The primary interface to the inverse sparse regression method is the funcion inspre::inspre. We provide several helper functions for data in different formats, performing cross-validation, etc.

  • inspre::fit_inspre_from_R if you already have ACE data in a features x features matrix and just need to fit a network.
  • inspre::fit_inspre_from_X if you have a samples x features data matrix with a set of samples x interventions target indicators and you need to learn the effects of the interventions and the network.
  • inspre::fit_inspre_from_h5X similar to the above but with the data matrix stored in an hdf5 file as is commonly distributed with Perturb-seq data. See Rmd/run_gwps_analysis.R for an example using this interface.

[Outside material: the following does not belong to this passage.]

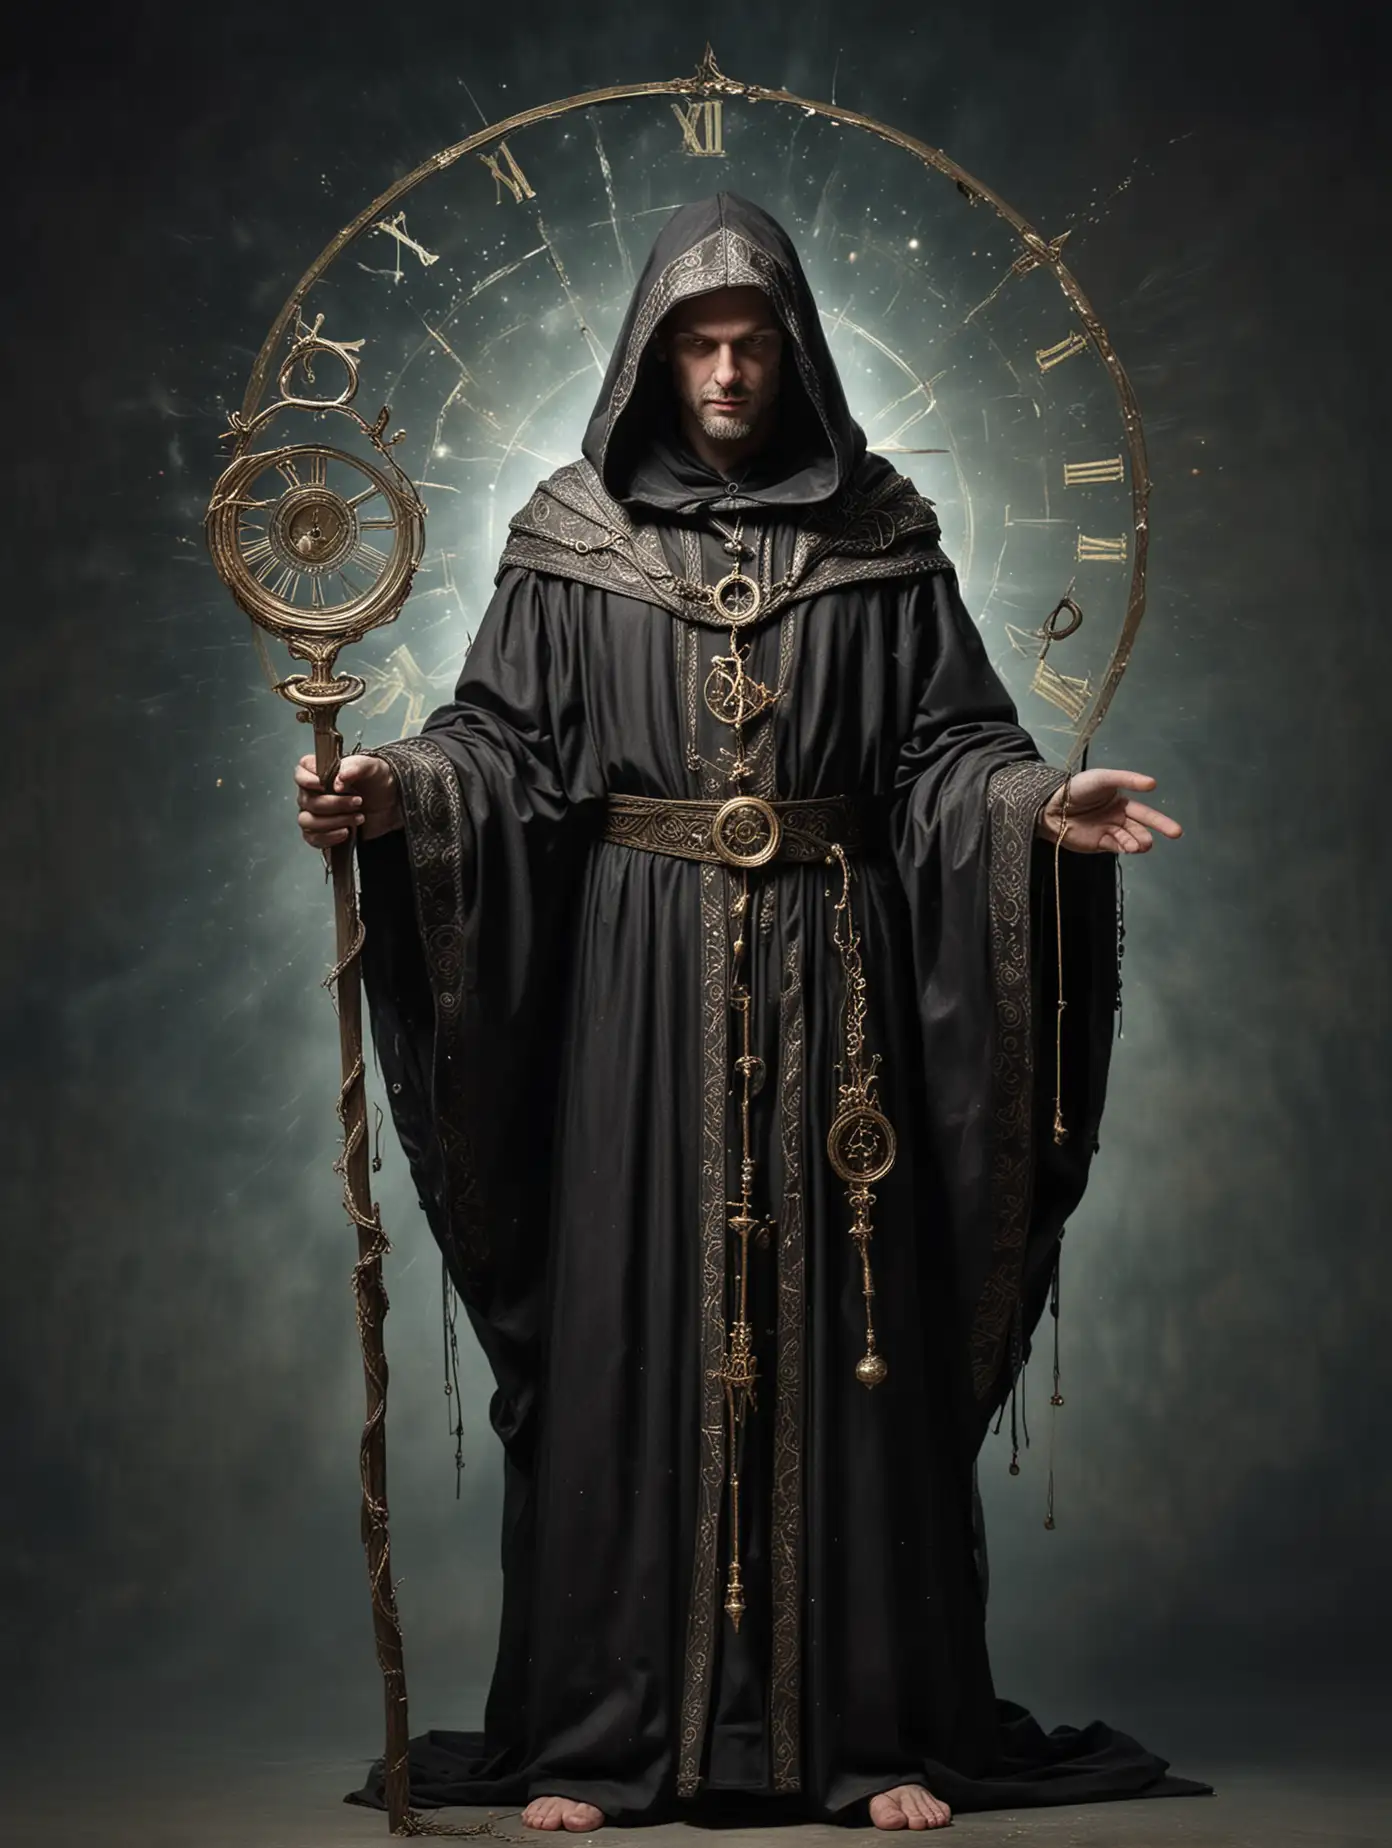 Mystical Priest with Shimmering Robe and ClockTopped Staff
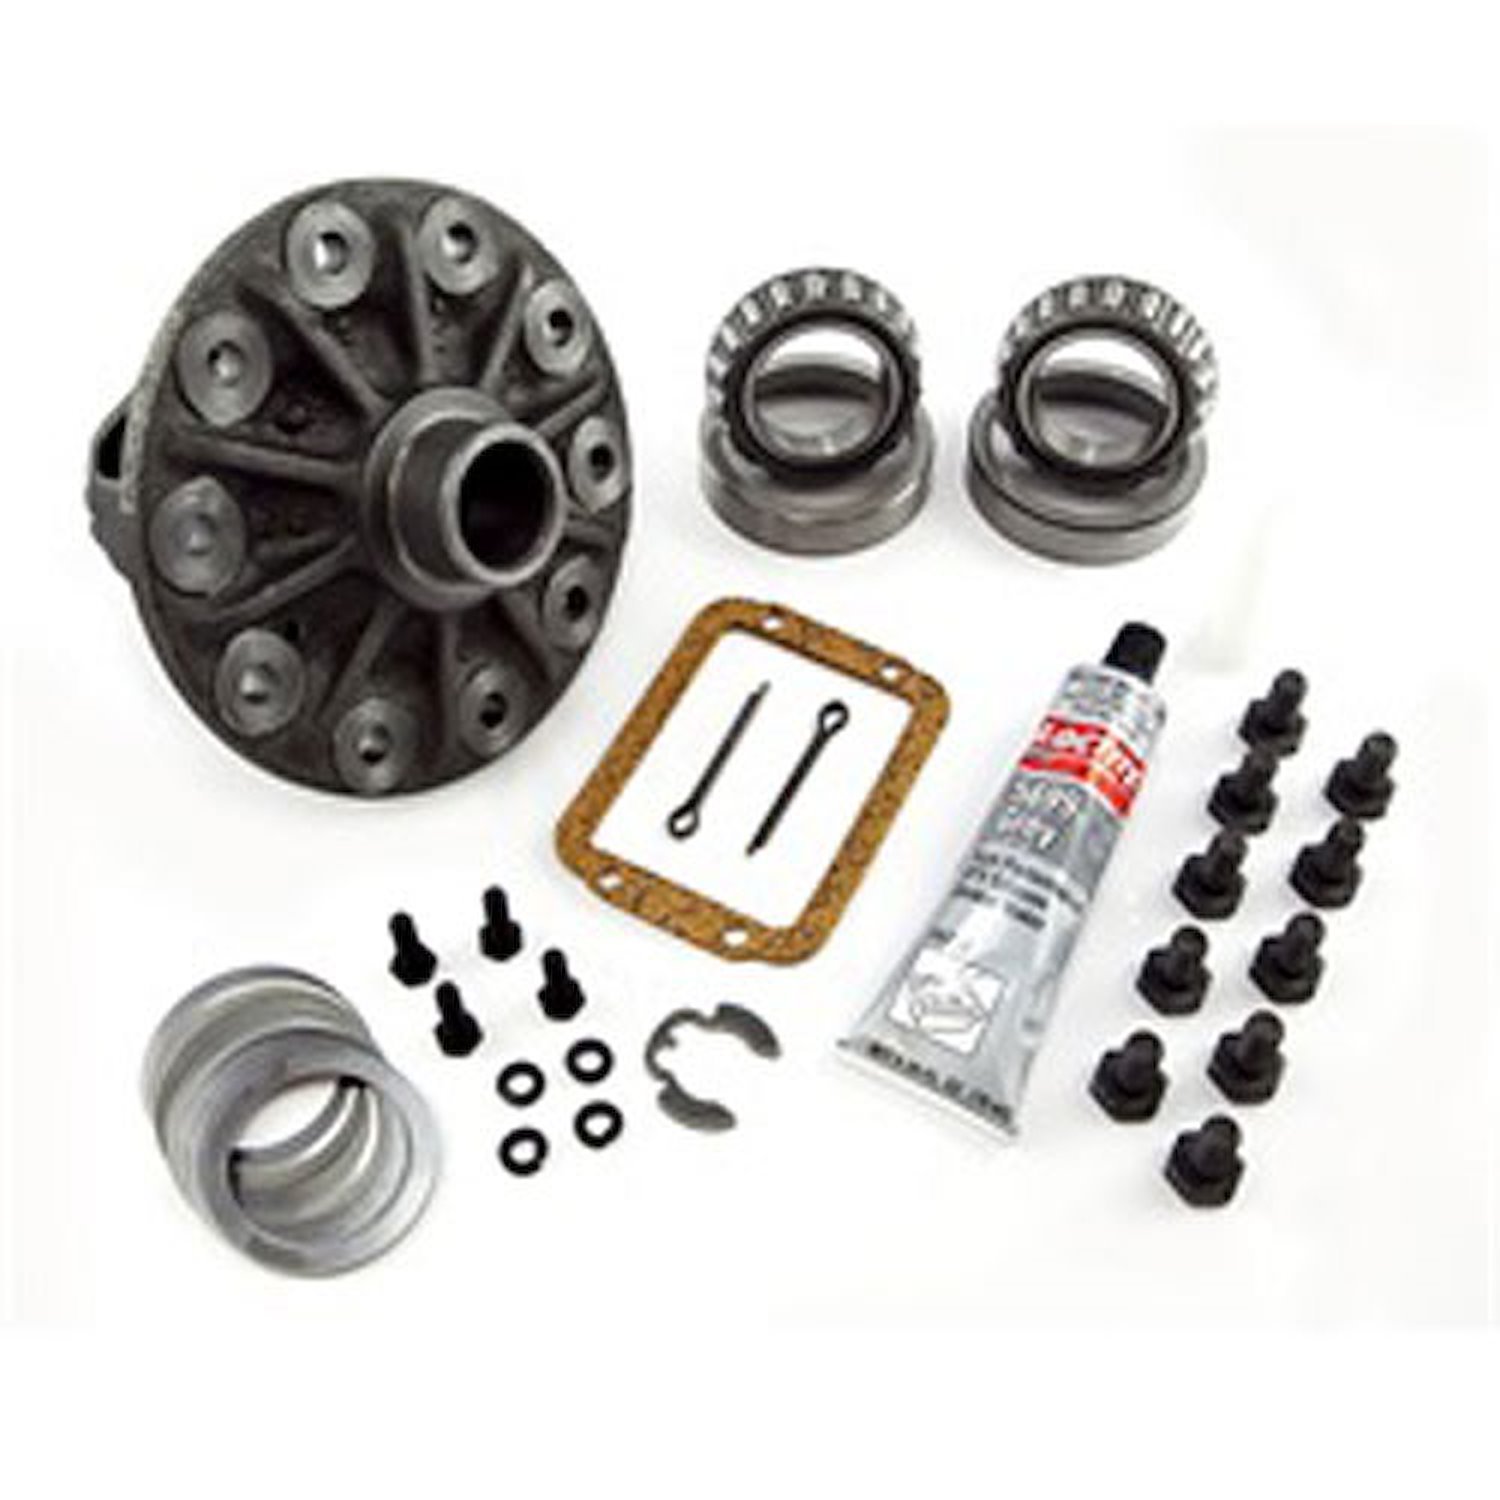 This differential case kit from Omix-ADA fits Dana 44 axles found in 07-16 Jeep Wrangler models with 1/2 inch ring gear bolts.

Some noteable parameters you could consider setting in your analysis that are common across the fit functions

  • verbose - 0, 1, or 2. Sets the verbosity level. The default (1) prints the convergence statistics after every lambda. When assessing whether convergence was successful, you may consider setting this to 2 and noting whether convergence was very slow (hitting the iteration limit) or too fast (diverging very quickly for many lambda) values.
  • weighted and max_med_ratio - Set weighted = TRUE to use a weighted analysis (default). We generally recommend using weights with real data as standard errors can vary hugely per entry in the R matrix. On the other hand, sometimes some standard errors are so tiny that inverse variance weighting puts huge weights on just a handful of entries. You can set max_med_ratio to circumvent this and ensure that the maximum weight is only this times the median weight. By default this is set to NULL, or no limit. In our GWPS analysis we set this to 50.
  • lambda, nlambda, lambda_min_ratio. By default, inspre tests 20 lambda values ranging from the maximum off-diagonal element of the R matrix down to this number times lambda_min_ratio. For example, if the max off diagonal is 0.8 and lambda_min_ratio is 0.01 (default), the max tested lambda will be 0.8 and the min will be 0.008. If you want to set your own lambda sequence you can supply it via the lambda= parameter and the other two parameters will be ignored.
  • cv_folds. Set to a number k > 0 to do k-fold cross-validation. If so, several cross-validation performance metrics will be returned in the result object. eps_hat_G, eps_hat_I, and eps_hat_Rte can all be used to evaluate held-out sample performance. They represent 3 different ways of computing cross validation error and will not always necessarily agree on which lambda is the best.
  • DAG. Set to TRUE to enforce an approximate DAG constraint. Note that this is generally only recommended to improve convergence behaviors if your fit is quickly diverging when DAG is set to FALSE. Our tests show that even if the underlying model is a DAG, the unrestricted fit generally produces better results. However, the restricted model is easier to fit, so this is useful if your data is challenging.
  • rho. This is the primary convergence parameter. This is set very high by default (100) so that the model focuses on keeping the inverse constraint on difficult datasets, but this can be slow if the data is easier. If you are seeing very slow convergence behavior (hitting the iteration limit well before converging), then you can try reducing this. In our GWP analysis we use 100, in simulated data we use 10.

Example.

You will find an example data matrix, targets list, true G and true R under the folder tests/example_data/. To run this minimal example in R:

library(inspre)
X <- as.matrix(read.table('tests/example_data/example_dataset.txt', header=TRUE))
targets <- scan('tests/example_data/example_targets.txt', character())
inspre_res <- inspre::fit_inspre_from_X(X, targets)

This README will be updated with more details as the manuscript and analyses are finalized.